EXERCISE REQUIREMENTS: Take the line with "Fidel Castro at" as the first and the last line of the data as the end. Write out both and every line between exactly, except pictures.

DATASET SECTION:

- Opening Delimiter -

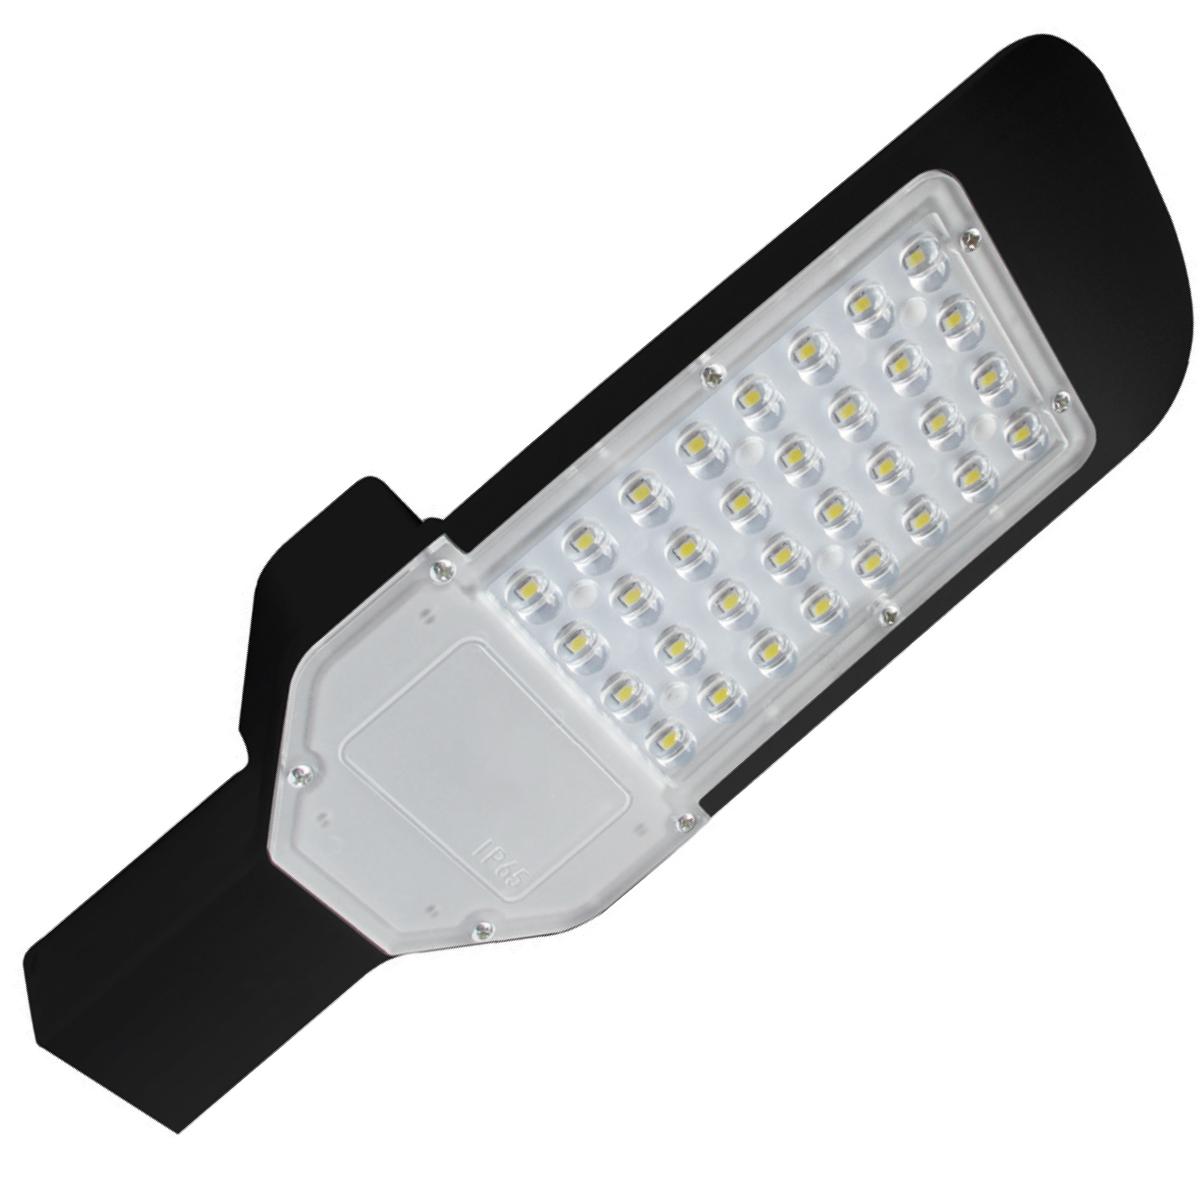 LED Straatlamp - Orny - 30W - Helder/Koud Wit 6400K - Waterdicht IP65 - Mat Zwart - Aluminium
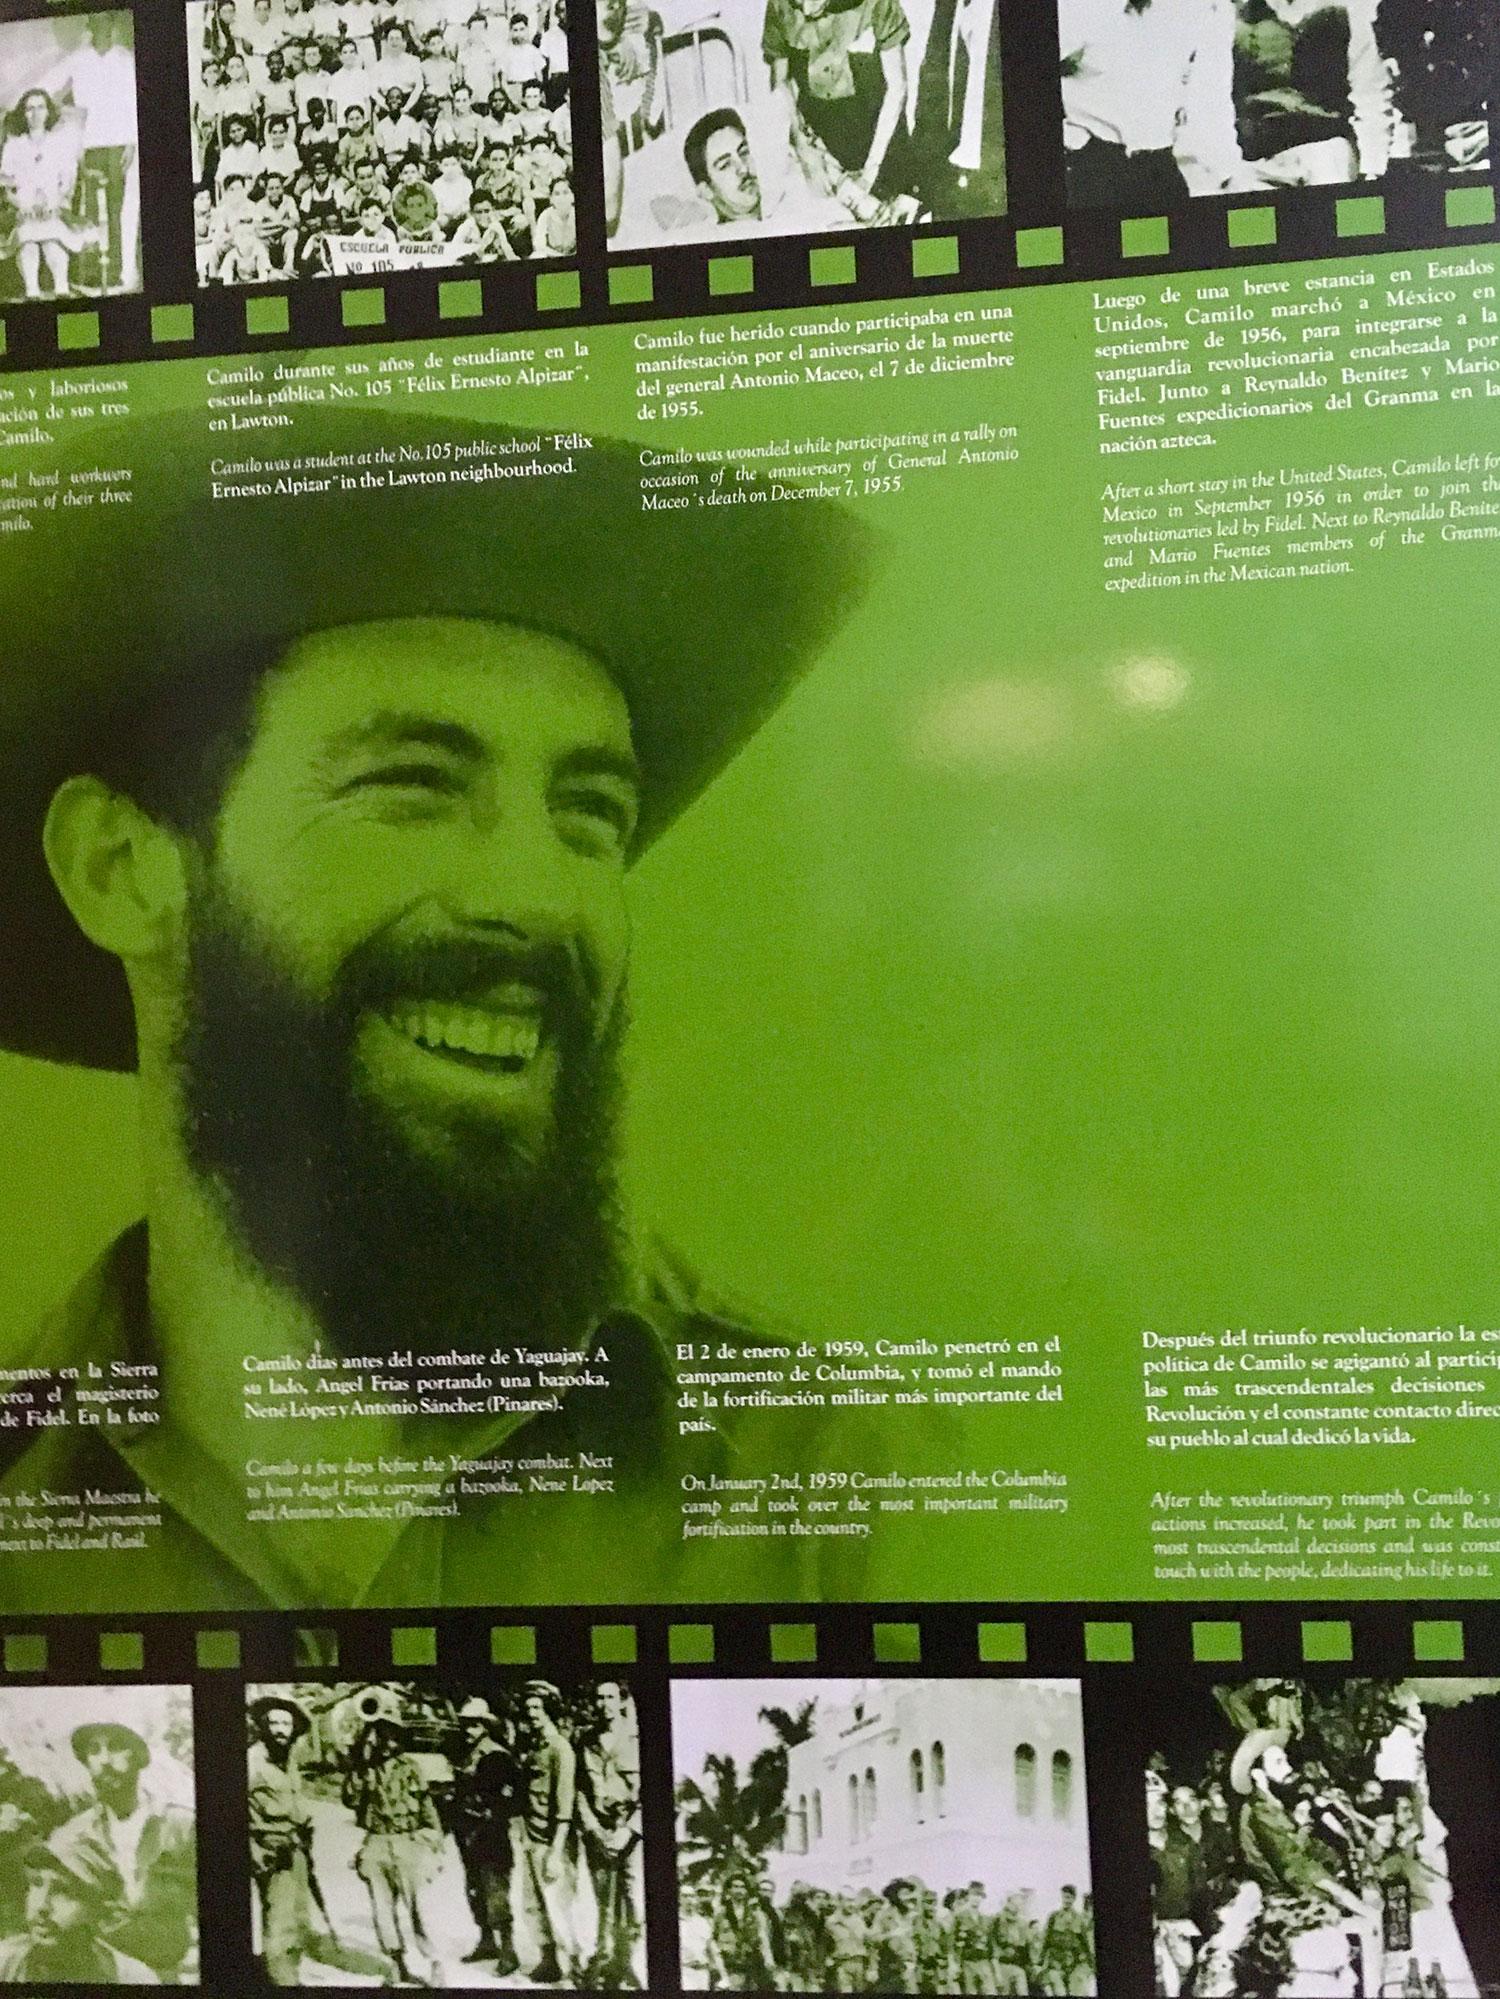 Fidel Castro at the Museum of Revolution in Havana.
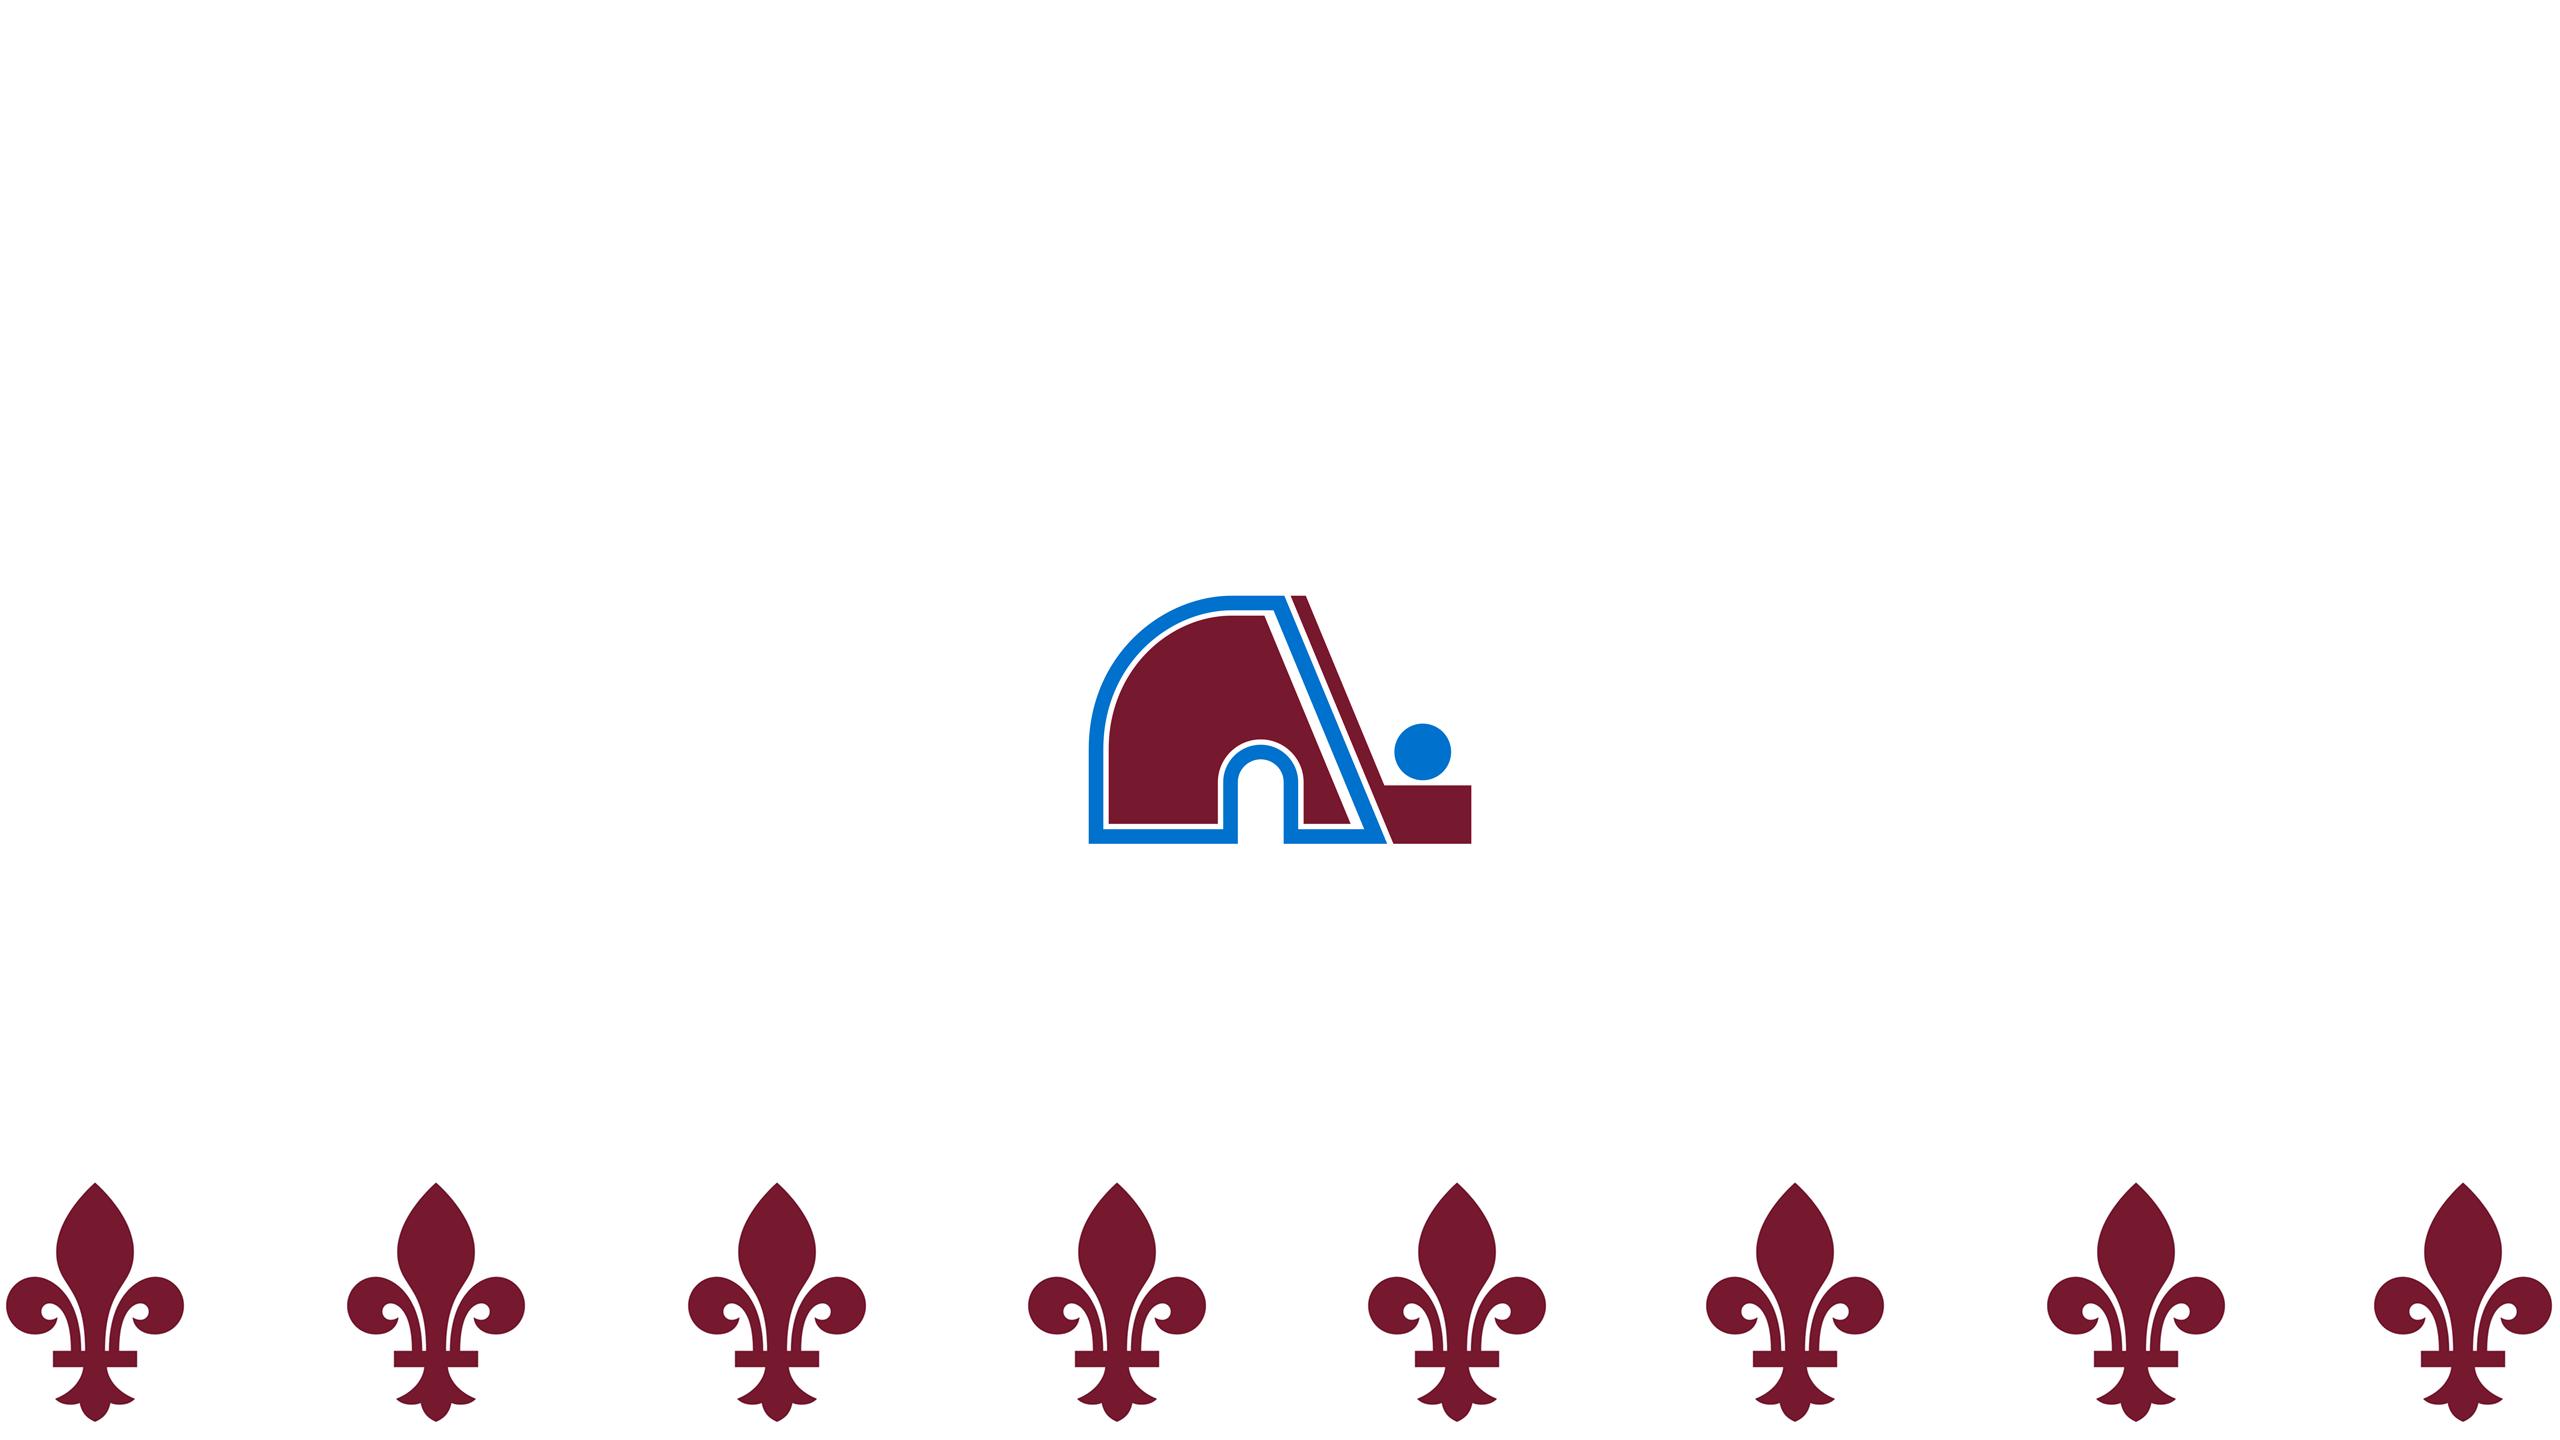 Colorado Avalanche (Quebec Nordiques)

- Closing Delimiter -

WRITTEN ANSWER:
 Fidel Castro at the Museum of Revolution in Havana.
 Colorado Avalanche (Quebec Nordiques)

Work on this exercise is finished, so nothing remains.